2.1.5 Vestas V47 Turbines

As mentioned in Section 2.1.2, all optislip turbines were modelled by the standard PSS/E model for wound rotor induction generators with variable resistance control, except for Vestas V47 turbines for which a manufacturer model was made available. In total 23 such turbines were operational during the time of the fault, distributed among 6 nodes. For more information on the details of the model, the reader should refer to the model datasheet.

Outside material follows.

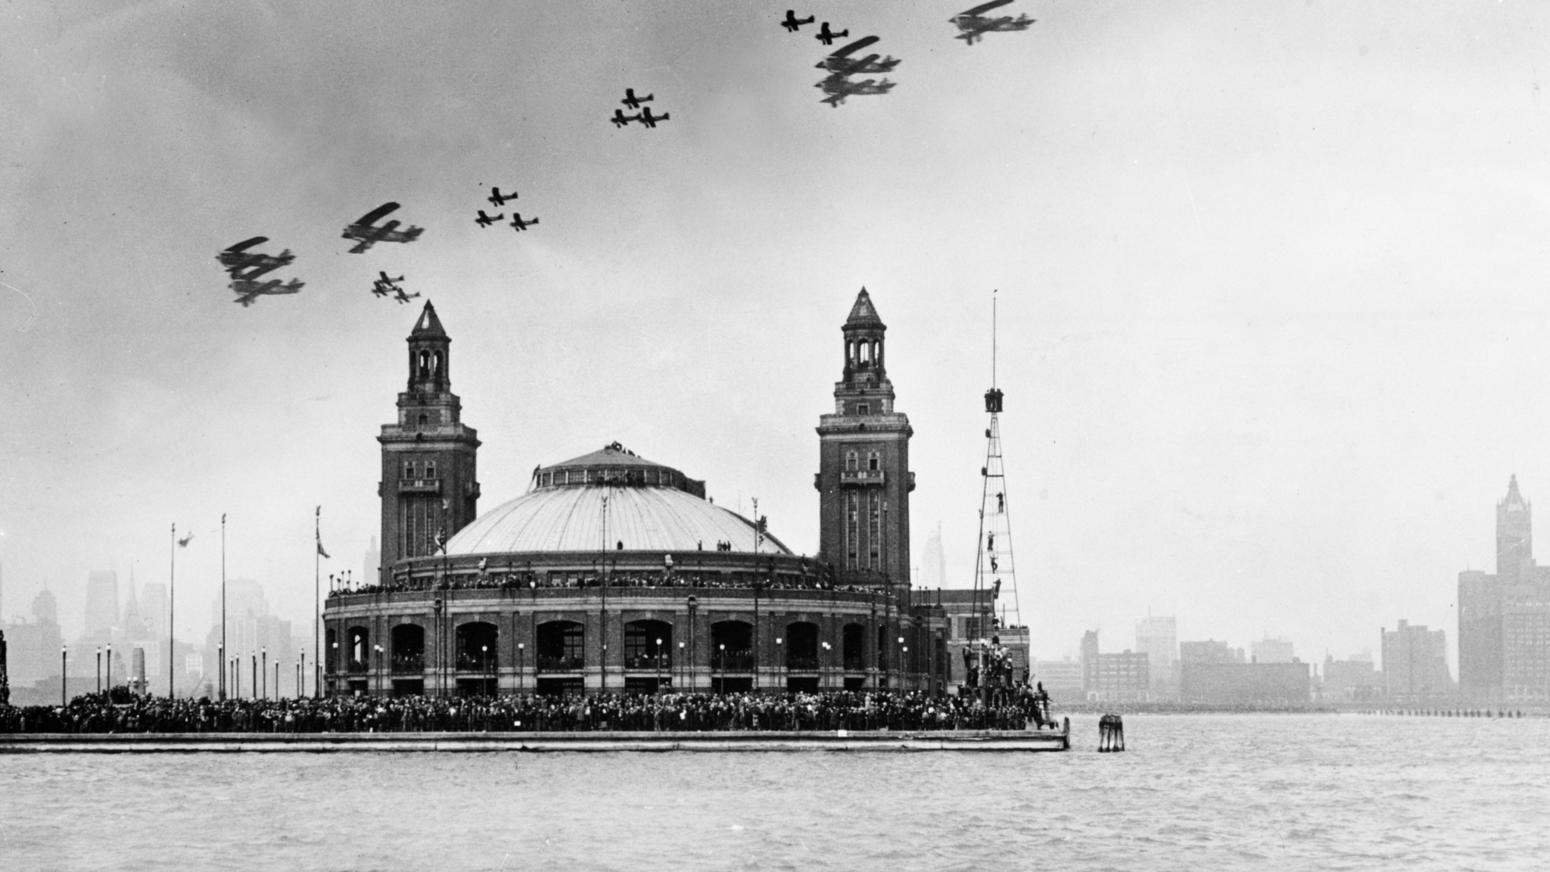 Army planes perform aerial acrobatics above Navy Pier in 1931. Chicago Tribune photo.
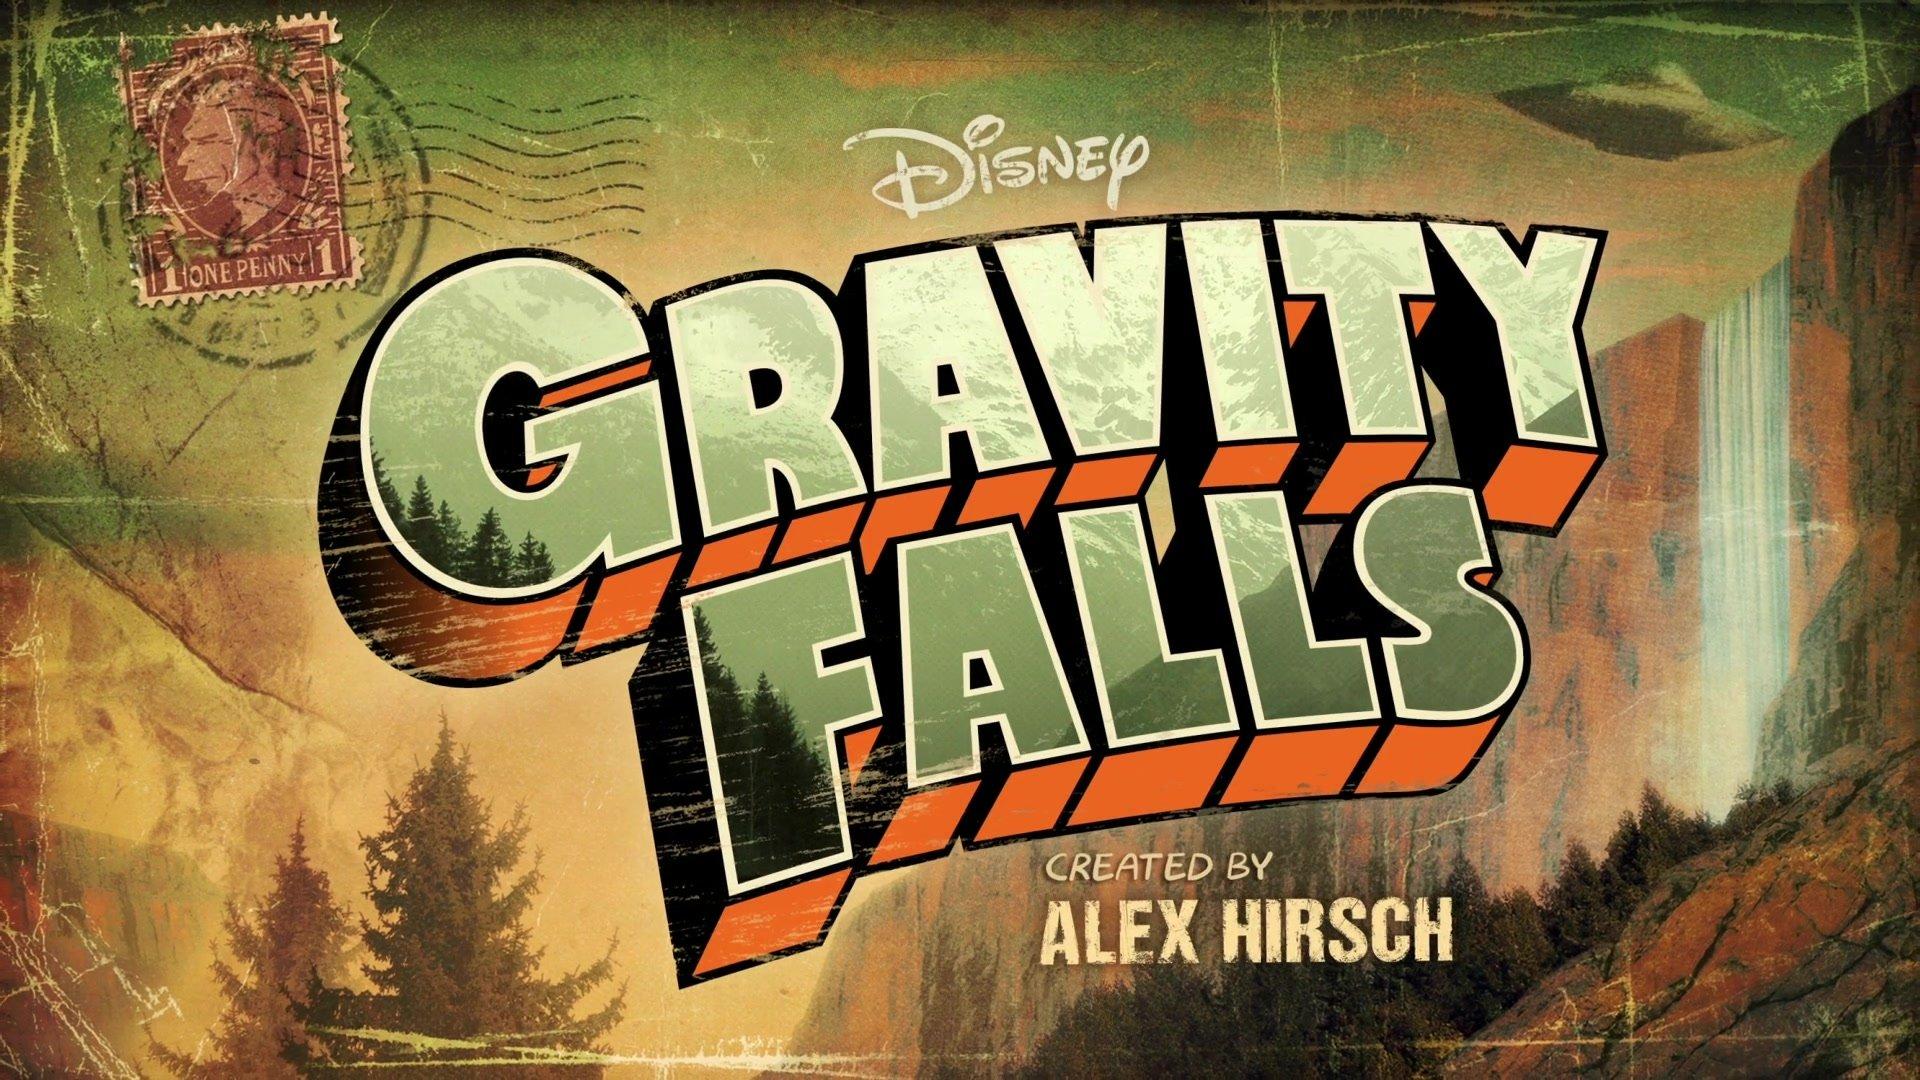 Gravity Falls Wallpaper Iphone 4 Gravity Falls Fondo De Pantalla Hd Fondo De Escritorio

2.1.6 Vestas V90 Turbines with FRT

Doubly fed induction generator based wind turbines are very sensitive to grid disturbances because of using small converters and thus can only survive small voltage dips. For this reason, the ride through ability is added to newer DFIG turbines so that they don’t disconnect until the fault is cleared. A widely utilized FRT system is the use of crowbars. Since the DFIG converter was designed to handle only a part of the total power, during disturbances, its apparent power capability is not sufficient to feed the power out to the grid thus low ohmic resistors (crowbars) are connected in order to drain energy from the system see Thiringer [5].

The FRT capability has become a must for many grid owners, who sometimes provide a low voltage curve that the wind generator is required to withstand, an example of this can be seen in Figure 10, see Tsourakis [6]. Royal Institute of Technology (KTH)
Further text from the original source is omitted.